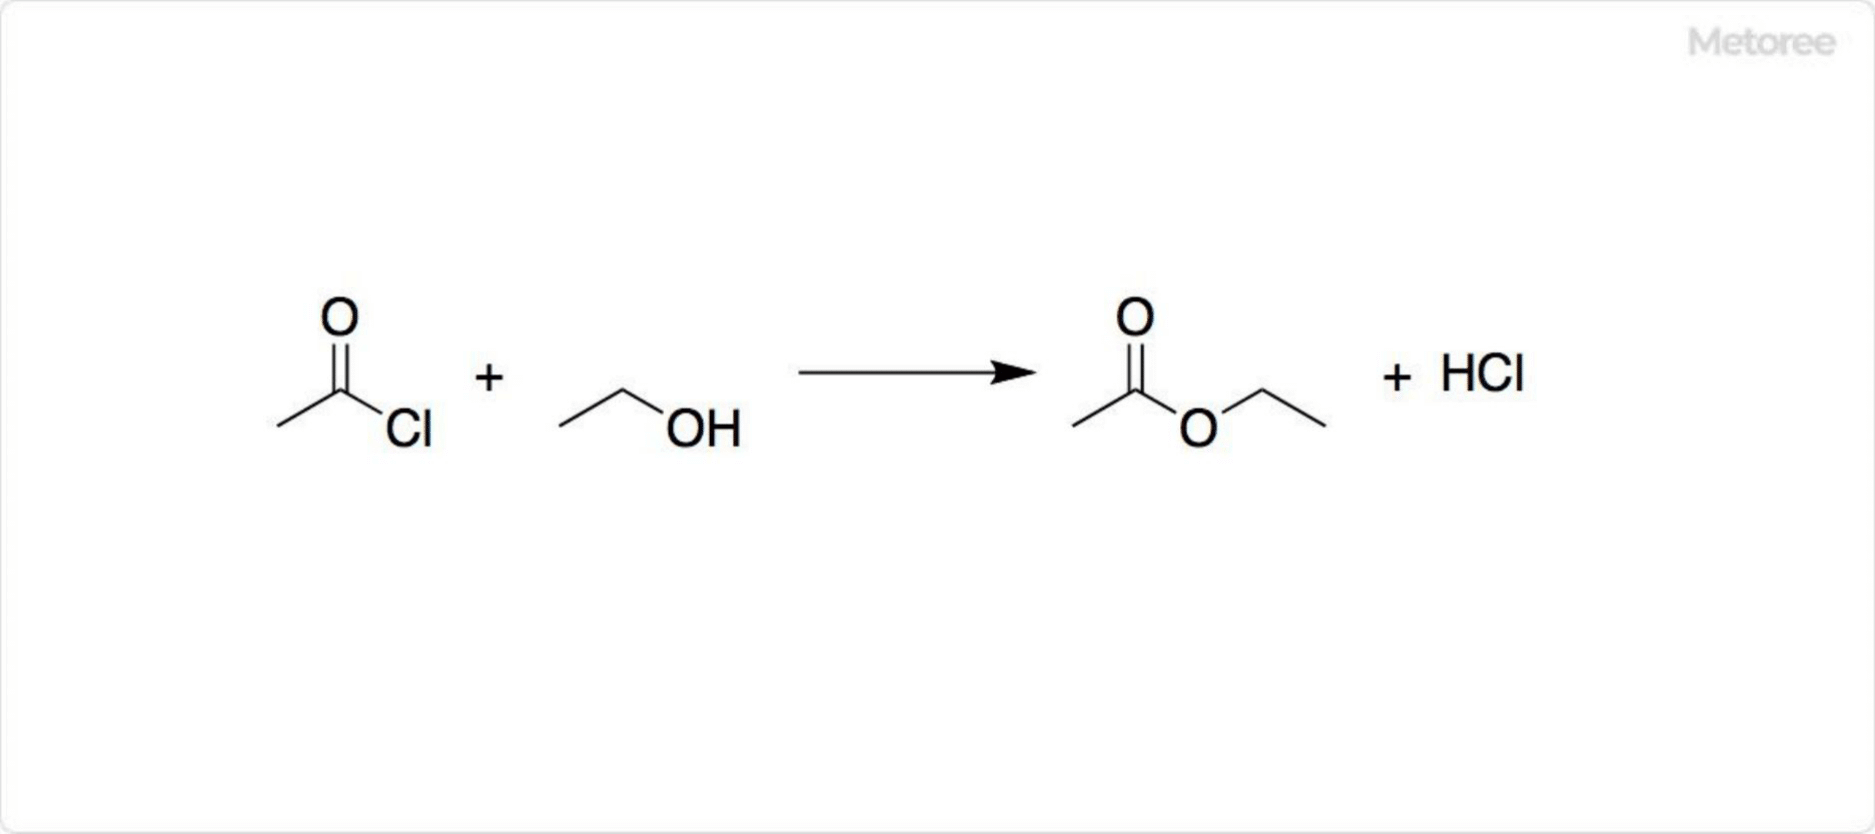 Figure 3. Reaction of Acetyl Chloride
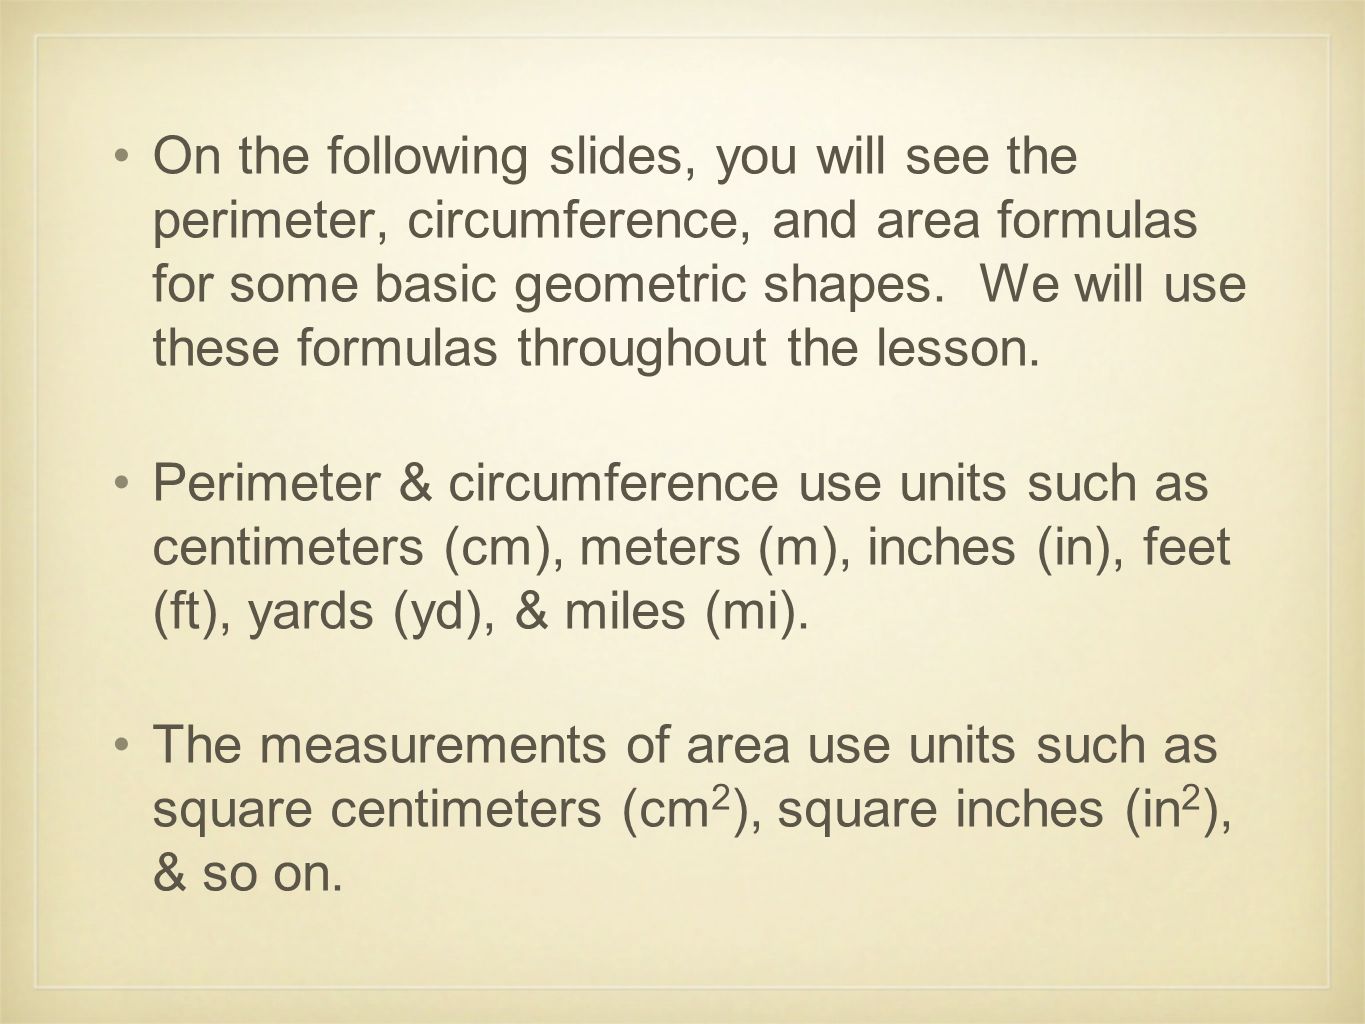 On the following slides, you will see the perimeter, circumference, and area formulas for some basic geometric shapes. We will use these formulas throughout the lesson.
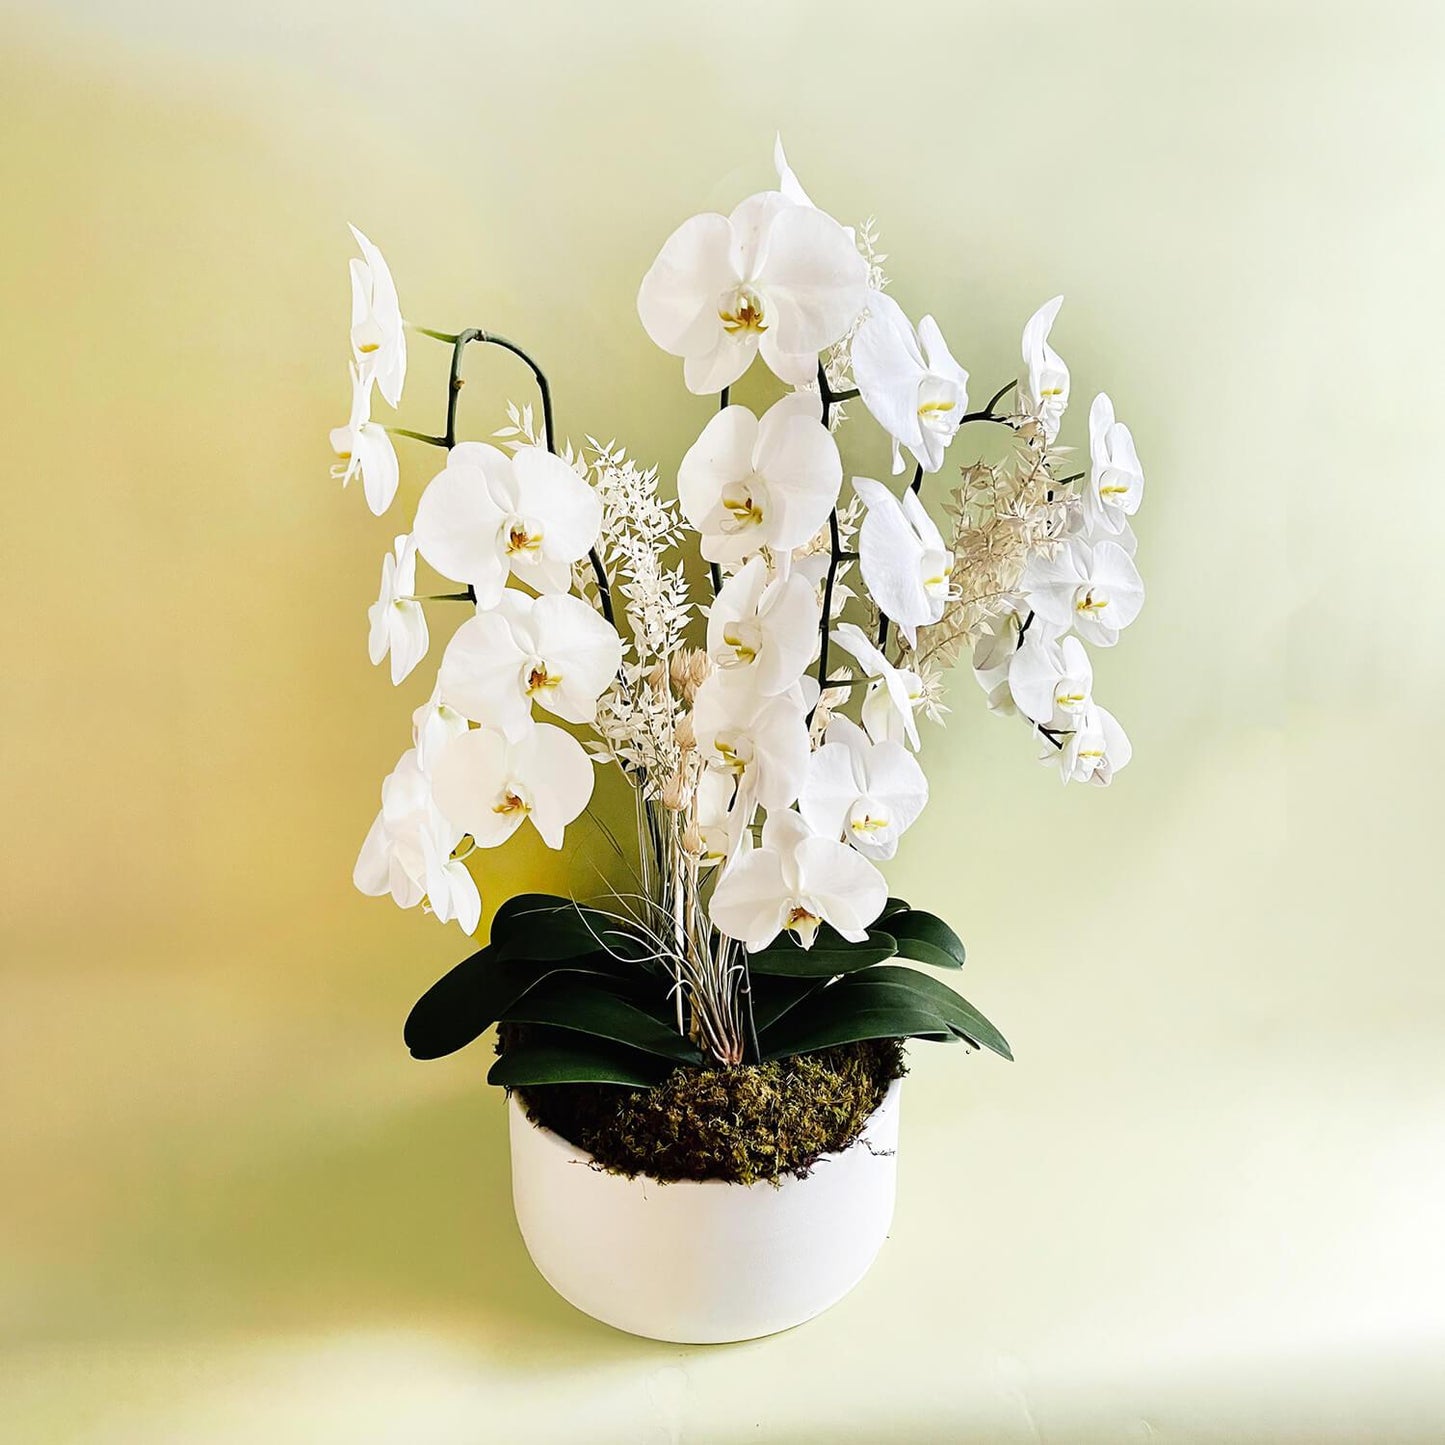 A beautiful tribute arrangement of white orchids in a white pot against a soft green background. Order online for sympathy & event flowers from the best florist in Toronto near you.

**DIRECTIONS FOR THIS TASK:** Print the data above exactly; drop every picture.

**EXERCISE ANSWER:**
 Figure 3. Reaction of Acetyl Chloride
 On the following slides, you will see the perimeter, circumference, and area formulas for some basic geometric shapes. We will use these formulas throughout the lesson.
 A beautiful tribute arrangement of white orchids in a white pot against a soft green background. Order online for sympathy & event flowers from the best florist in Toronto near you.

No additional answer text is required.